++++ The data

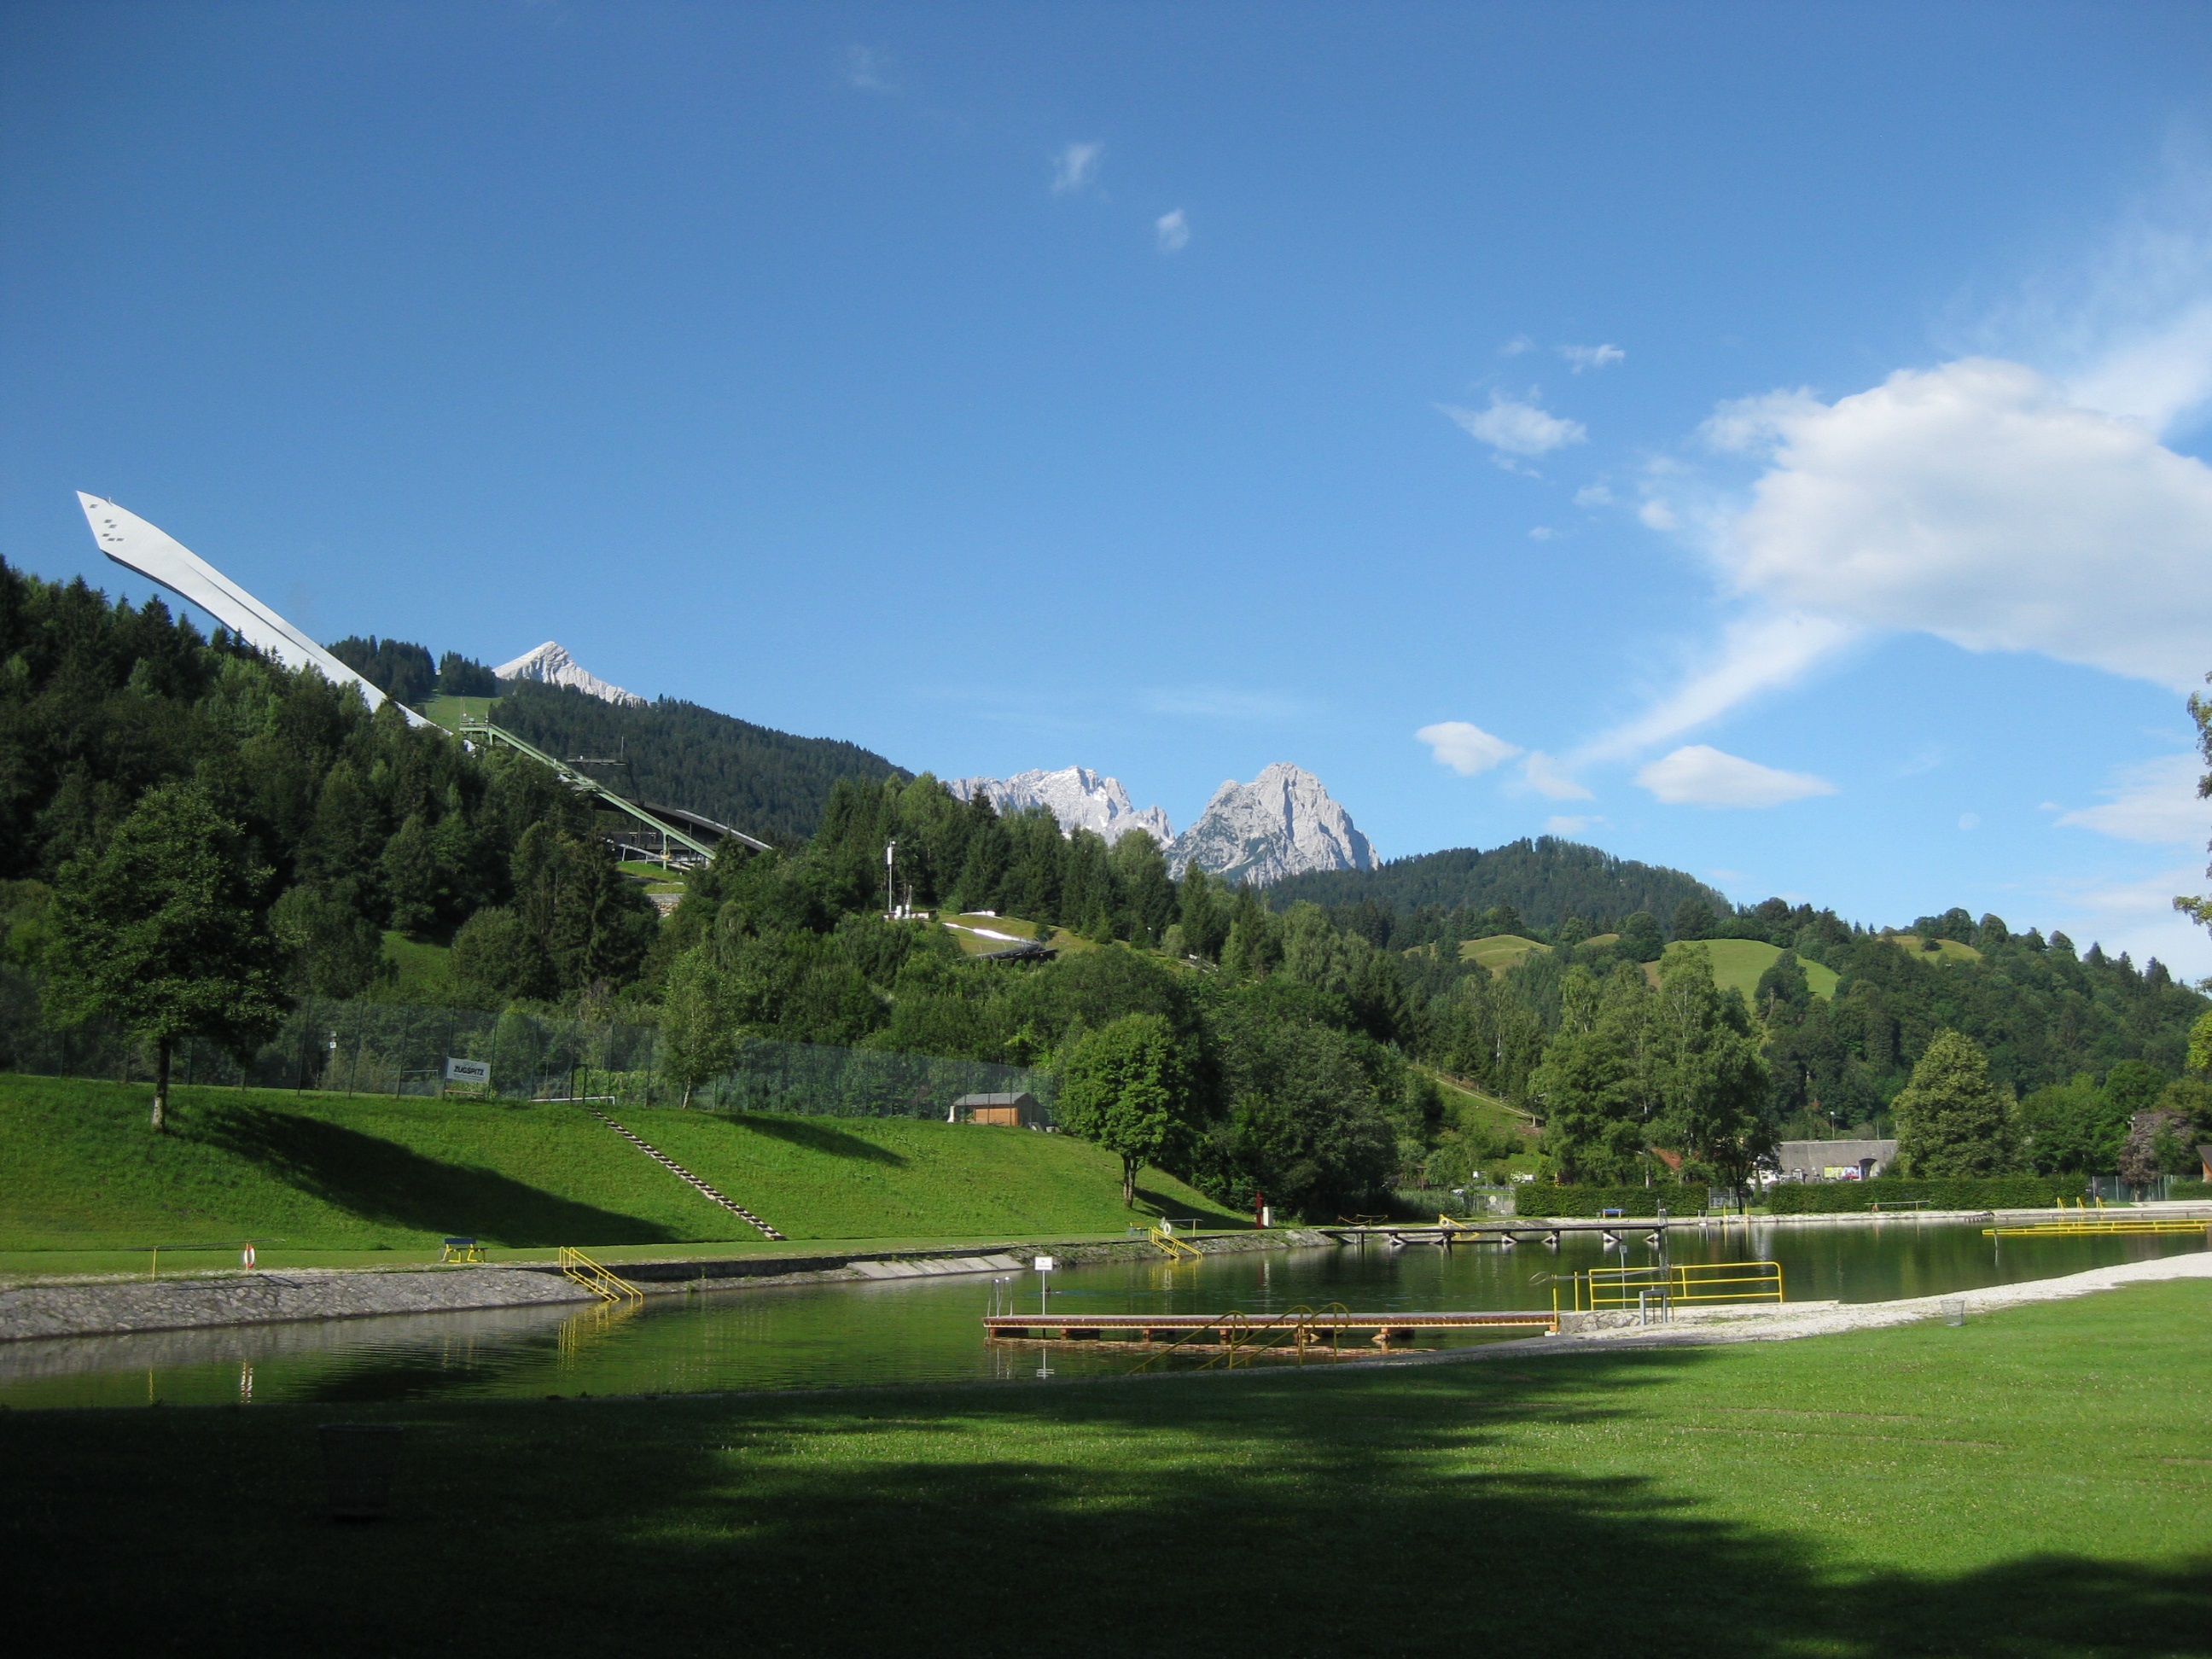 Naturfreibad Kainzenbad in Garmisch-Partenkirchen.
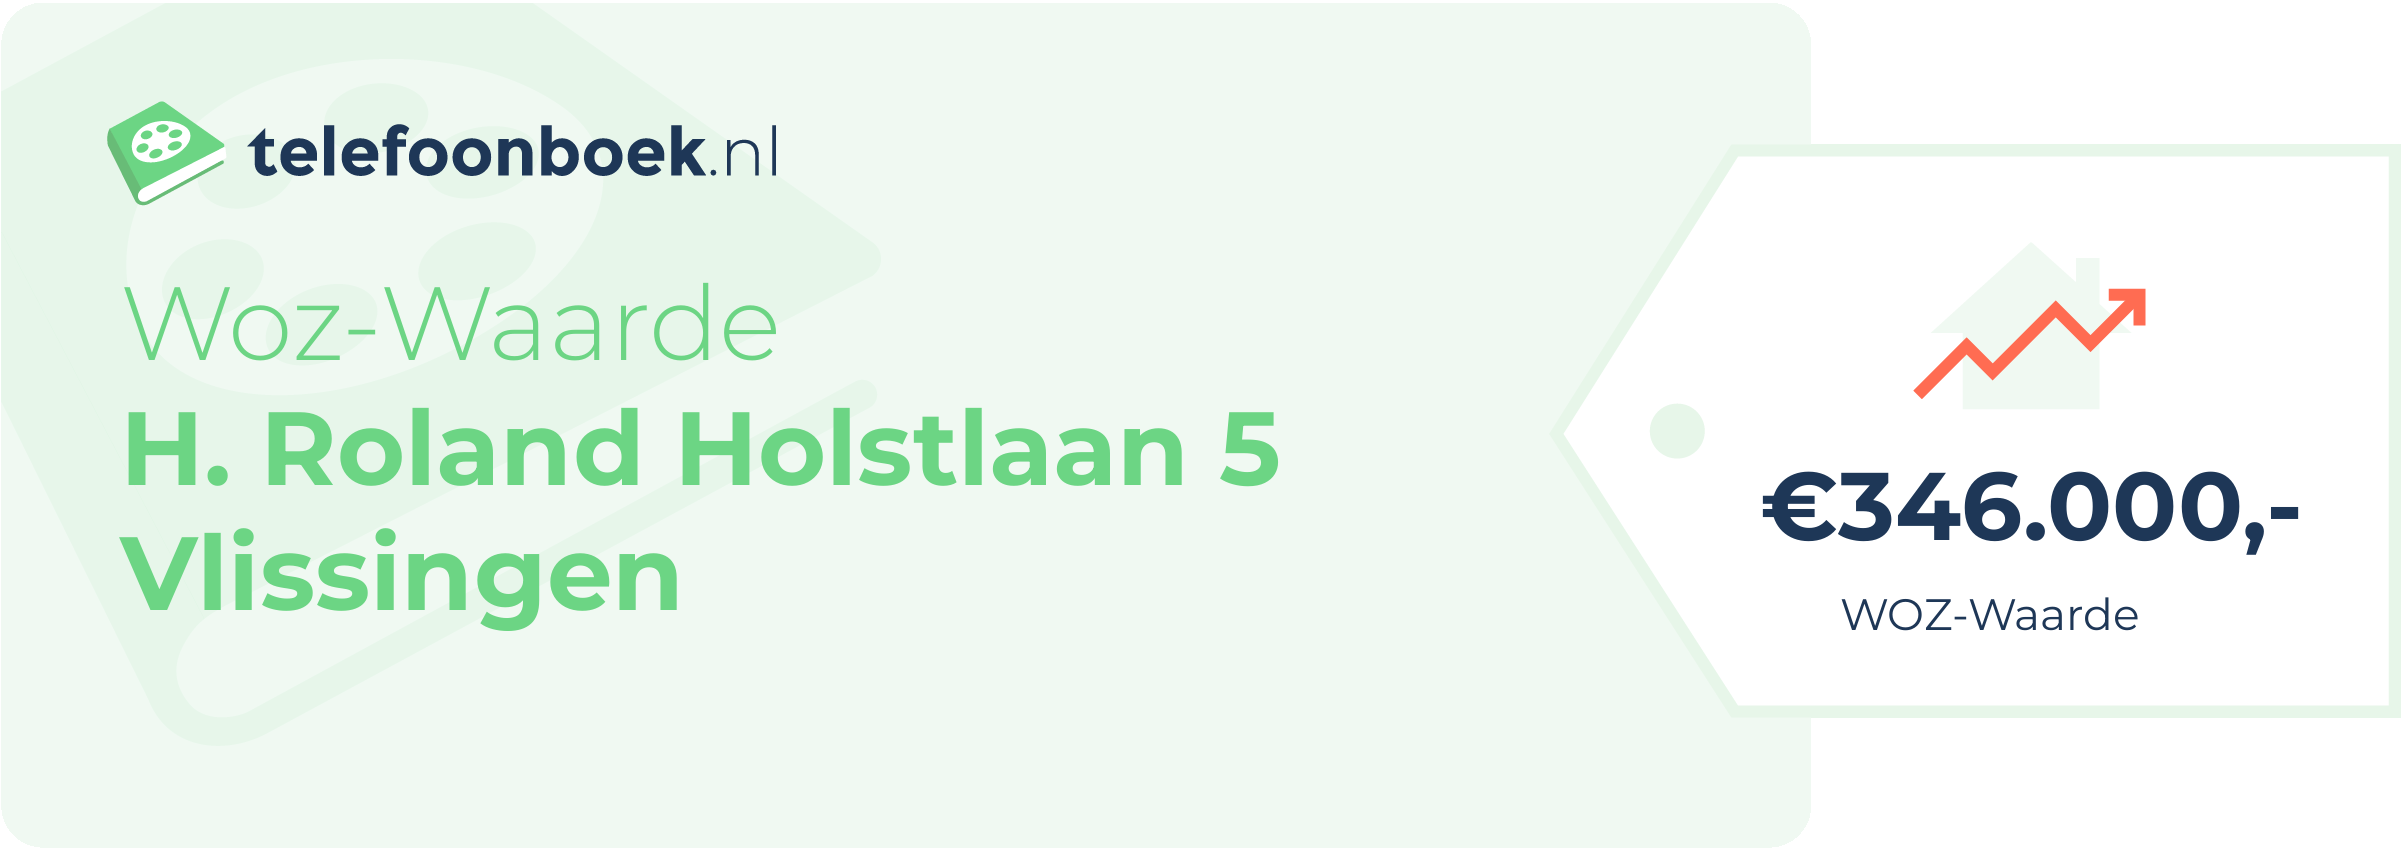 WOZ-waarde H. Roland Holstlaan 5 Vlissingen
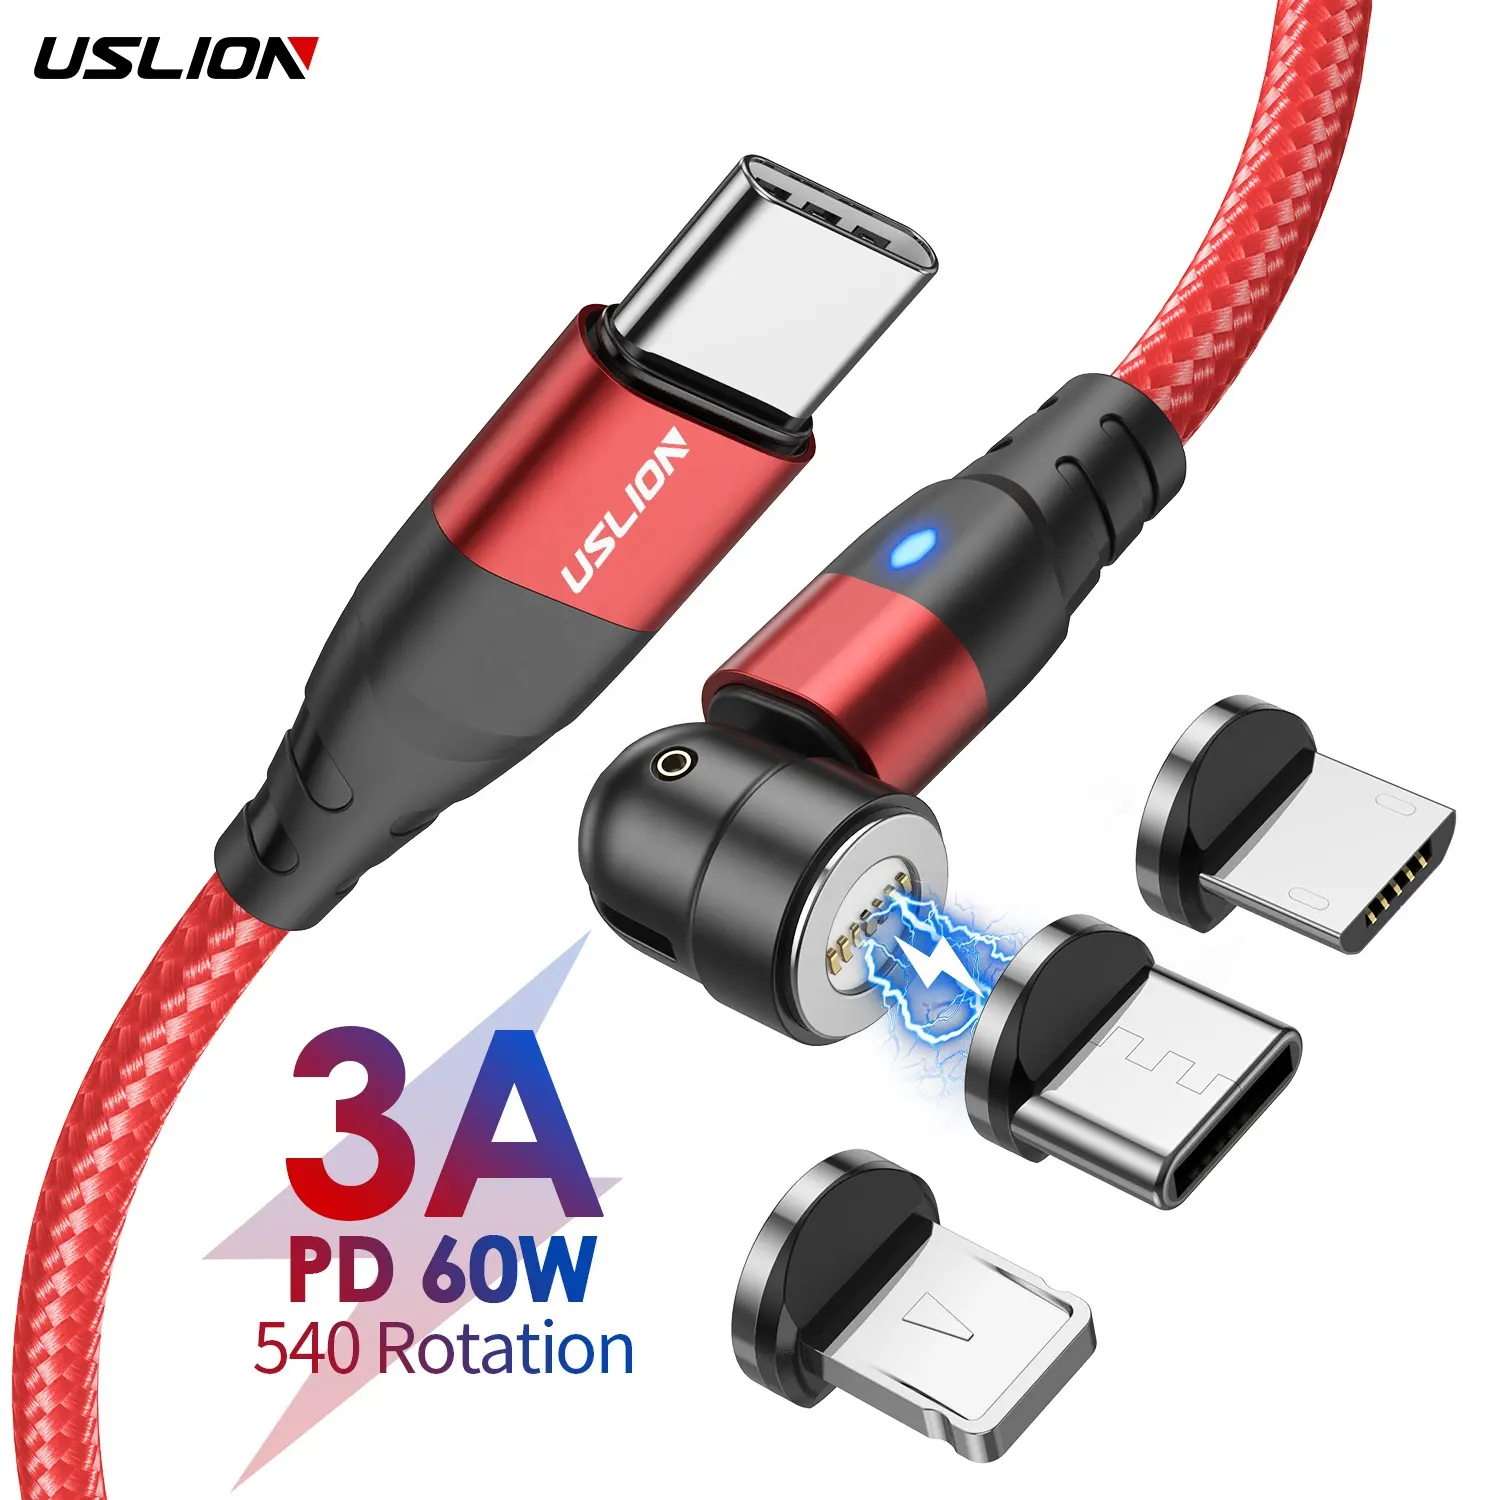 USLION-Cable de carga magnético para iPhone y Macbook, Cable de datos magnético de 60W PD USB C a tipo C 540

++++++++

▶ Activity
The response should be the full material, repeated exactly, with images removed.

▶ Answer to this task
 Naturfreibad Kainzenbad in Garmisch-Partenkirchen.
 WOZ-waarde H. Roland Holstlaan 5 Vlissingen
 USLION-Cable de carga magnético para iPhone y Macbook, Cable de datos magnético de 60W PD USB C a tipo C 540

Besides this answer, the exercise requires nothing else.